4.生きているってどういうことなのだろうか
帰り際、私は、お骨を手に入れ首をつっているその母の姿を想像した。たぶん、それが自然なありかたで、それでもなお生きてくださいとは、私には言えないな。と思うと、少し笑えてきた。人の死がこれほどまでに、大切ではないと想像することが、年に数回ある。人の命を壊そうと思っているわけではない。もう少し若ければ、耐えきれなくて人の命に手をかけることもあろう。しかしながら、これほどまでに手の中にひとの生死を取り扱う身分になると(それは階層的には聖人君子ではなくもっと最下層の身分のようなものだろうが)常日頃から美しいものにあふれた世界を根底から否定したくなる気持ちにあふれてくる。そしてそれは、自分の中で昇華されかえって美しいのではないかとさえ思ってくるのである。

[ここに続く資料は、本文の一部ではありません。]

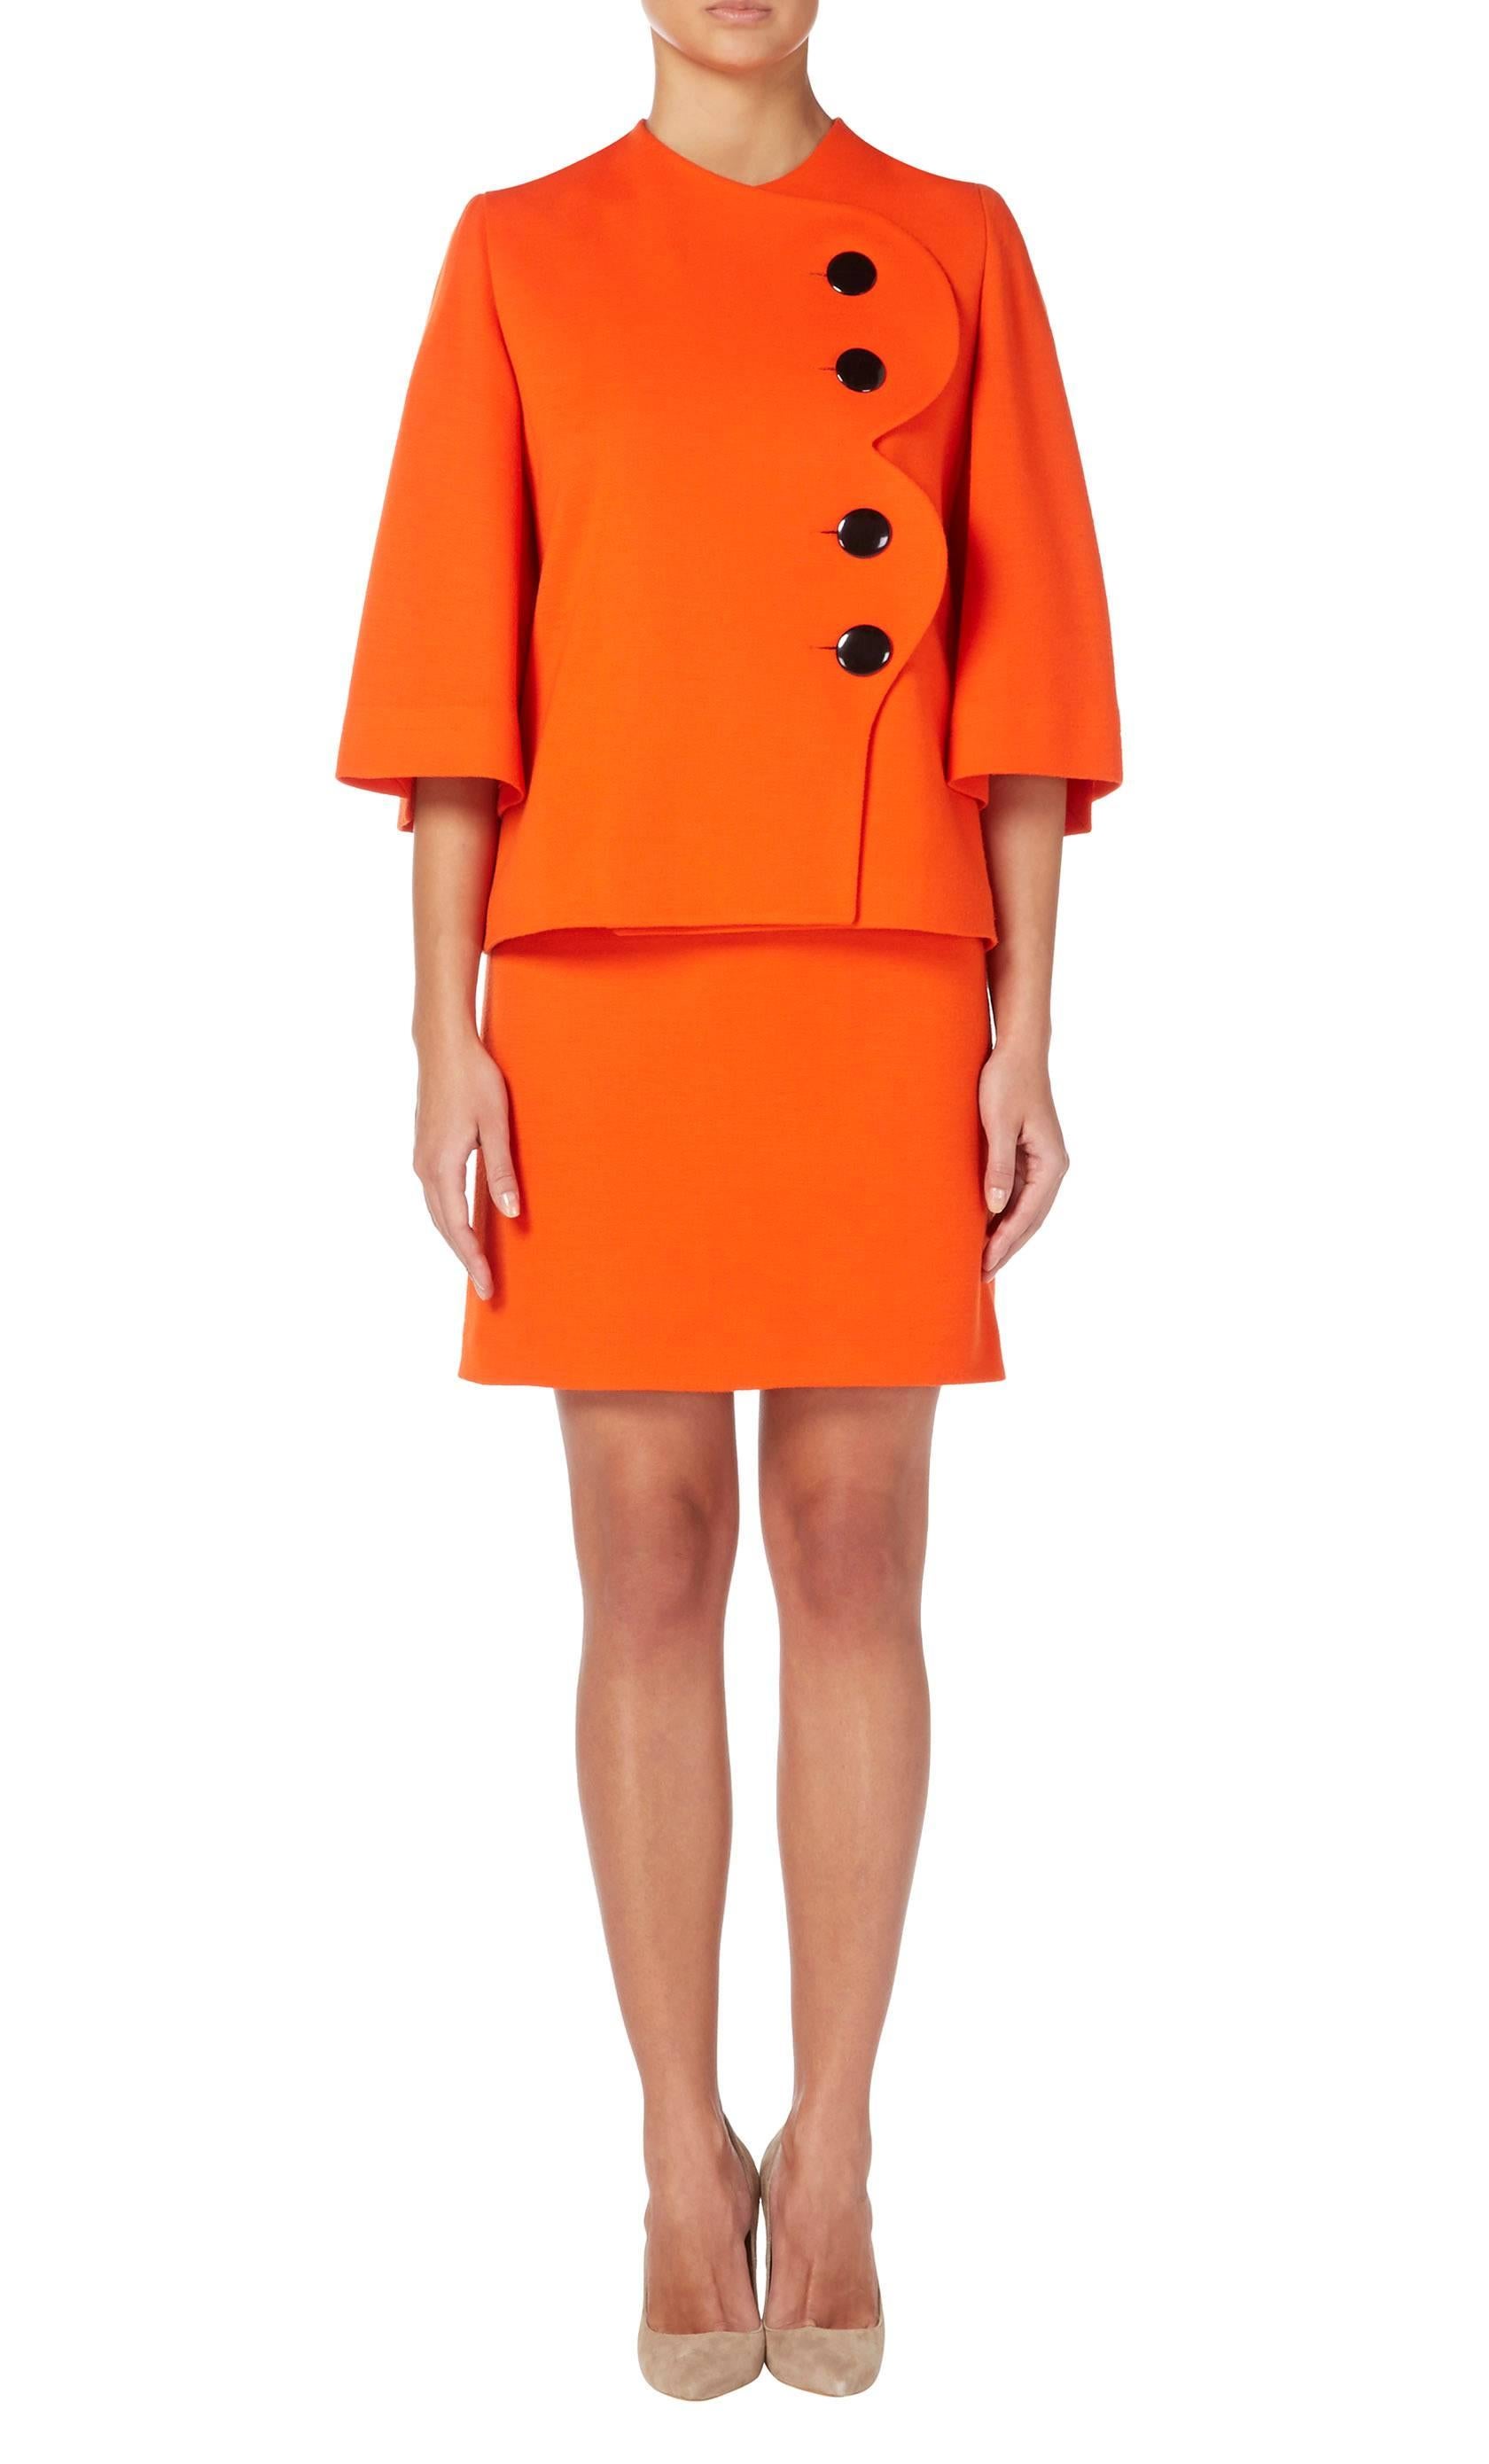 This bold Pierre Cardin skirt suit will make a colourful choice for the office or a daytime event. Constructed in vibrant orange wool, the jacket features split sleeves and a scalloped edge to the front, fastening with four overscale black buttons.

一生懸命に生きている人を応援していくことが介護職の役割であろう。だから、人は一生懸命に生きていないといけないと、洗脳されるのもまた介護職だ。そして一生懸命に生きている人を応援する介護職の側面を上澄みだけさらって喧伝することで介護職を聖人君子だと考える人をどんどん作っていくこと自体が、介護職にとって大変な迷惑だ。所詮、世の中は前に立って刺される人間を求めており、そこに大きな負荷をかけていくことで安全地帯を作る。福祉が社会からはじかれた人の重大なセイフティネットであるならば、そこにかかわる人を社会からはじいて見えないようにしてしまえば、中心位置の安全性が高まる。介護職がきれいであればあるほど、社会からはじかれた人口が増える。死んでいくことにふたをしたいし、棺桶の中でも花に囲まれて散々泣いて、火の中に放り込むのと同じで、たぶん、社会からはじかれているのは、介護職なのではないかと思う。
それでもなお、僕はこの仕事が大好きである。たとえ堕天使であっても、どれだけクズであっても、パンを食べることはできるからな。